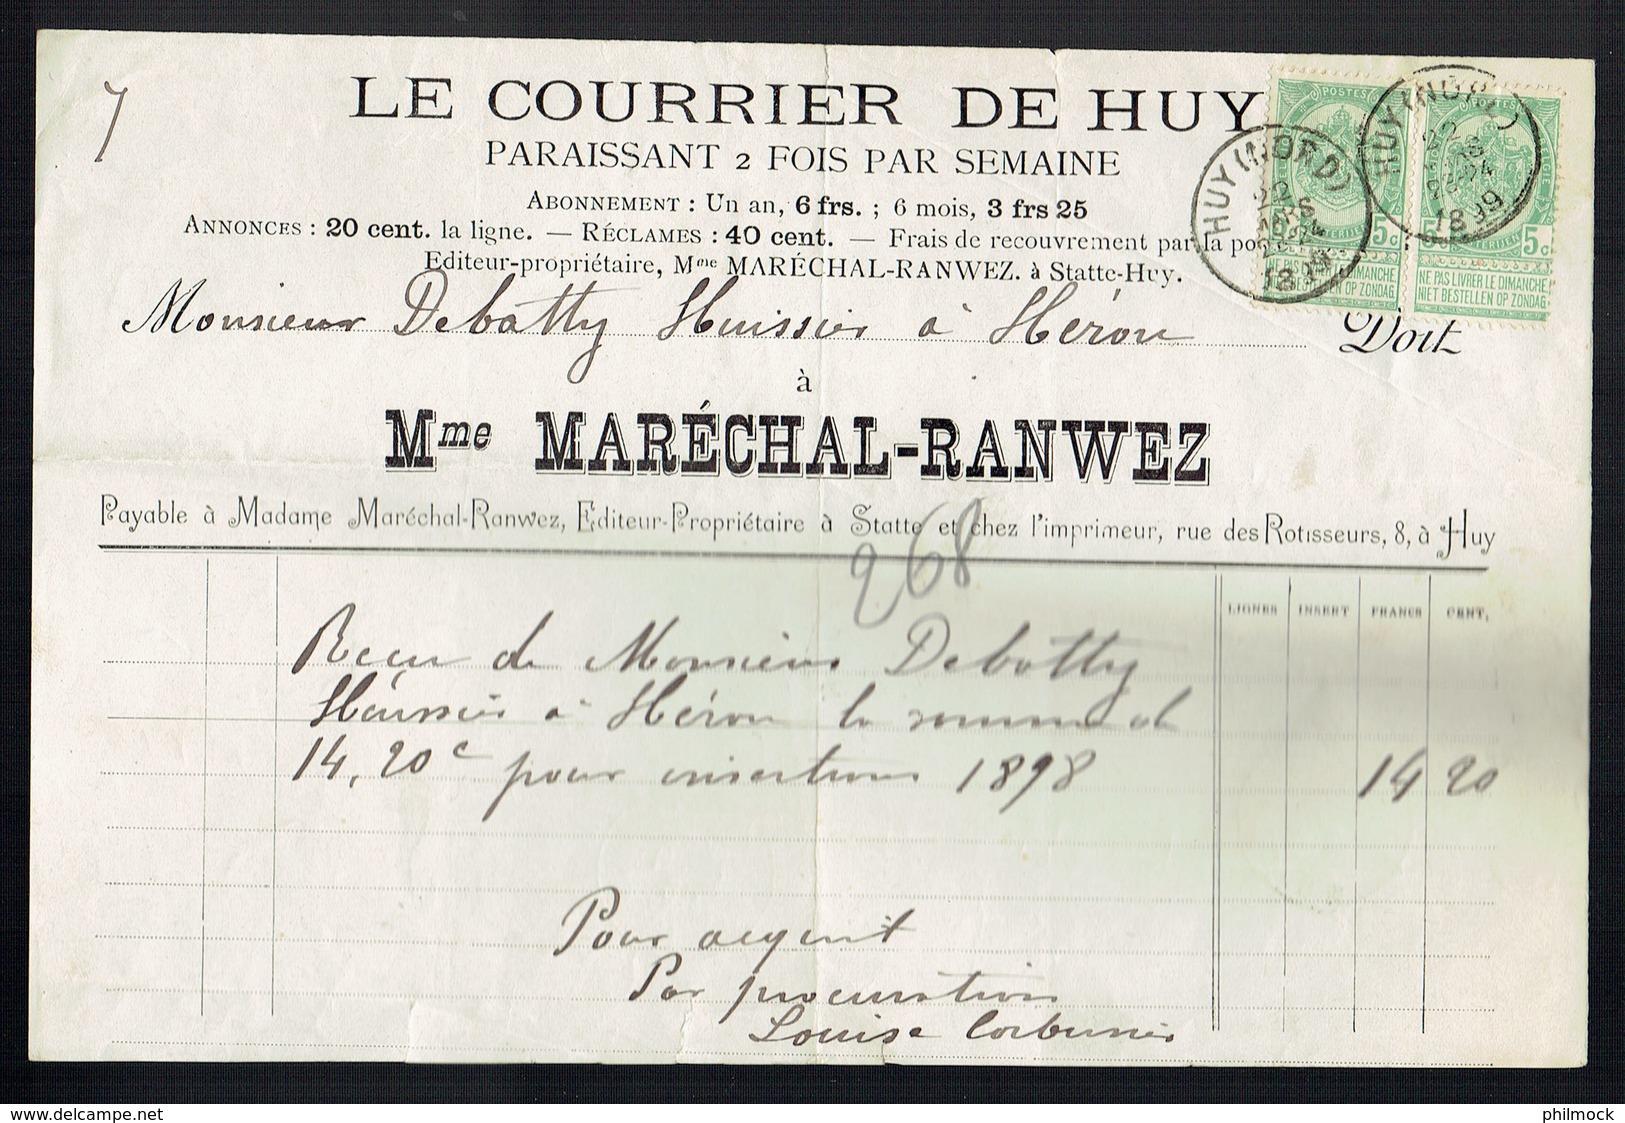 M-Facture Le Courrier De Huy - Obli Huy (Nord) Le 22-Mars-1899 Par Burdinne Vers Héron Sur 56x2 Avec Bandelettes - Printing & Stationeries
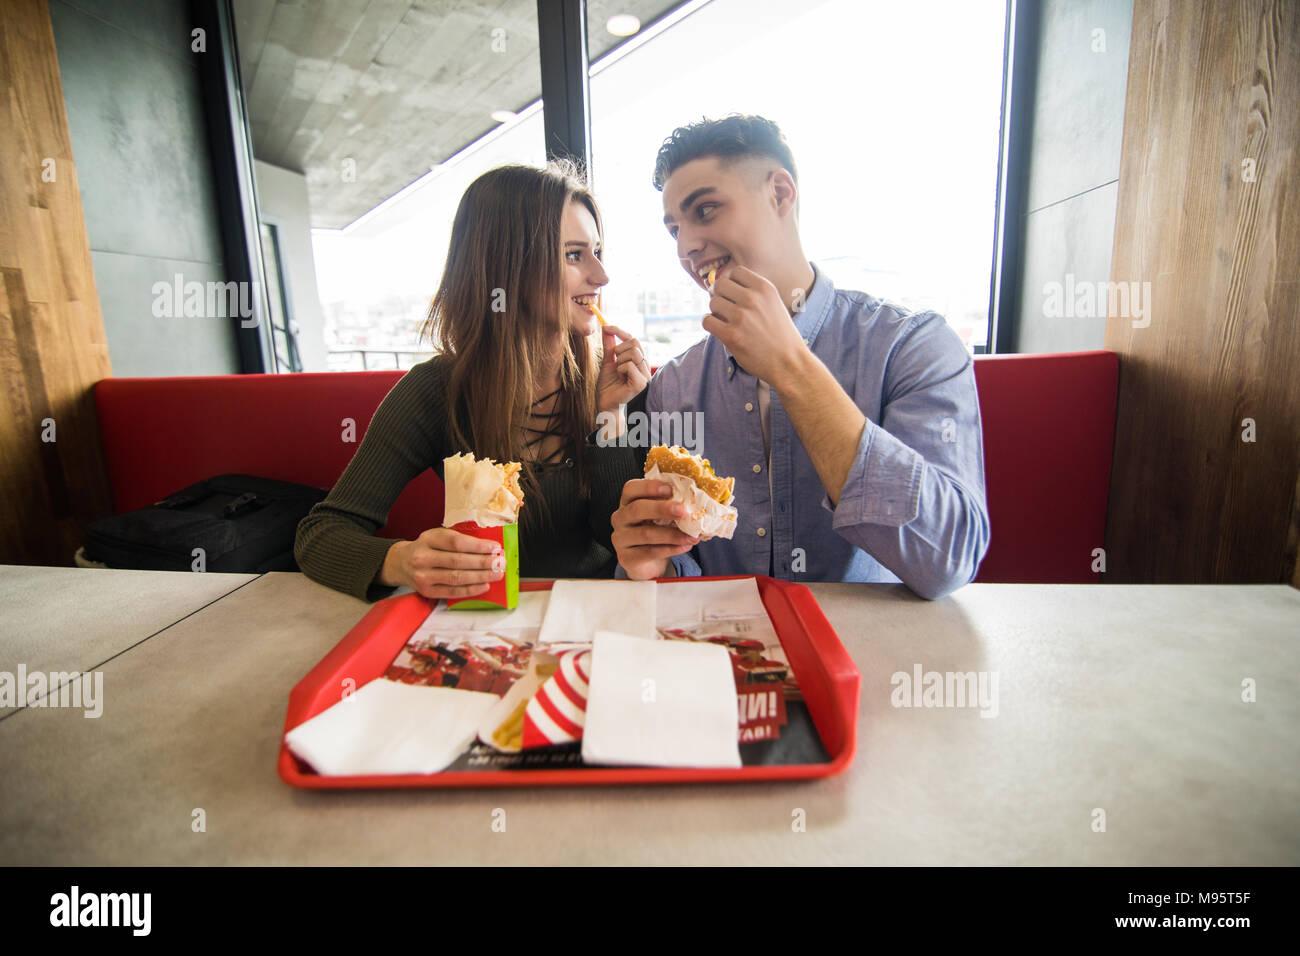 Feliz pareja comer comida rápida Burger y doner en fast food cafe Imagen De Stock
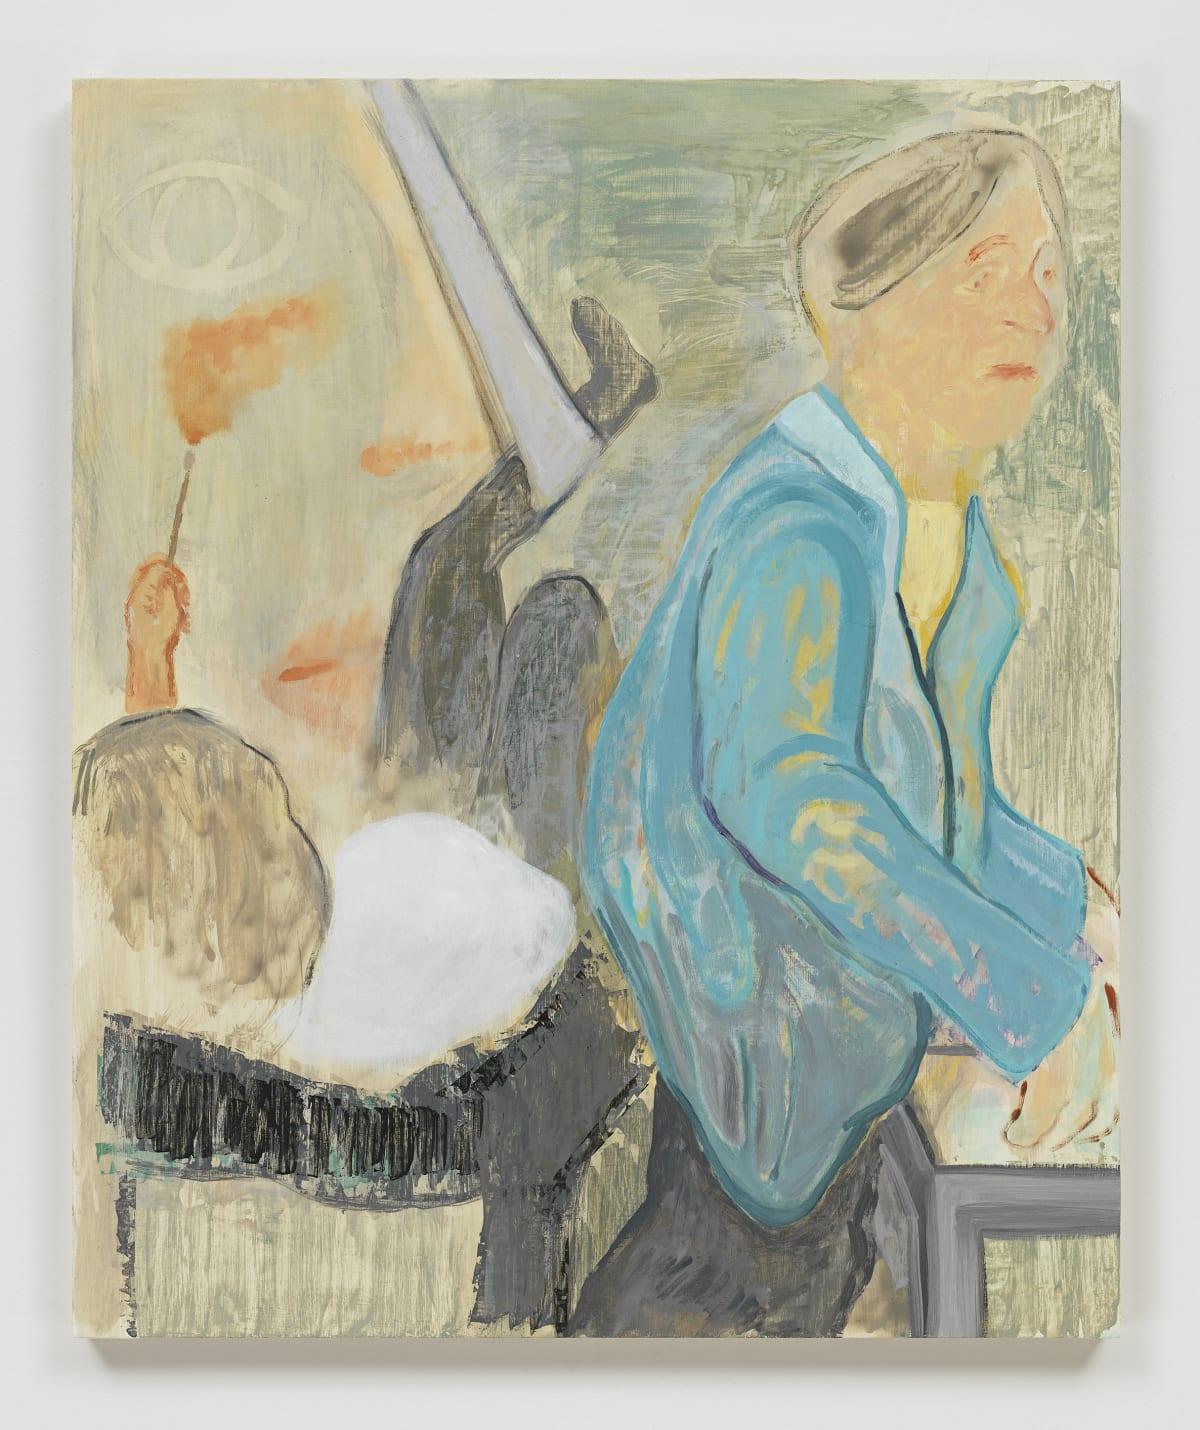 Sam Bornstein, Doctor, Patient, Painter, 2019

**WHAT THE TASK REQUIRES:** In the reply, every line of the material above is to be reproduced verbatim, and the images are to be left out.

**RESPONSE AREA:**
 M-Facture Le Courrier De Huy - Obli Huy (Nord) Le 22-Mars-1899 Par Burdinne Vers Héron Sur 56x2 Avec Bandelettes - Printing & Stationeries
 Feliz pareja comer comida rápida Burger y doner en fast food cafe Imagen De Stock
 Sam Bornstein, Doctor, Patient, Painter, 2019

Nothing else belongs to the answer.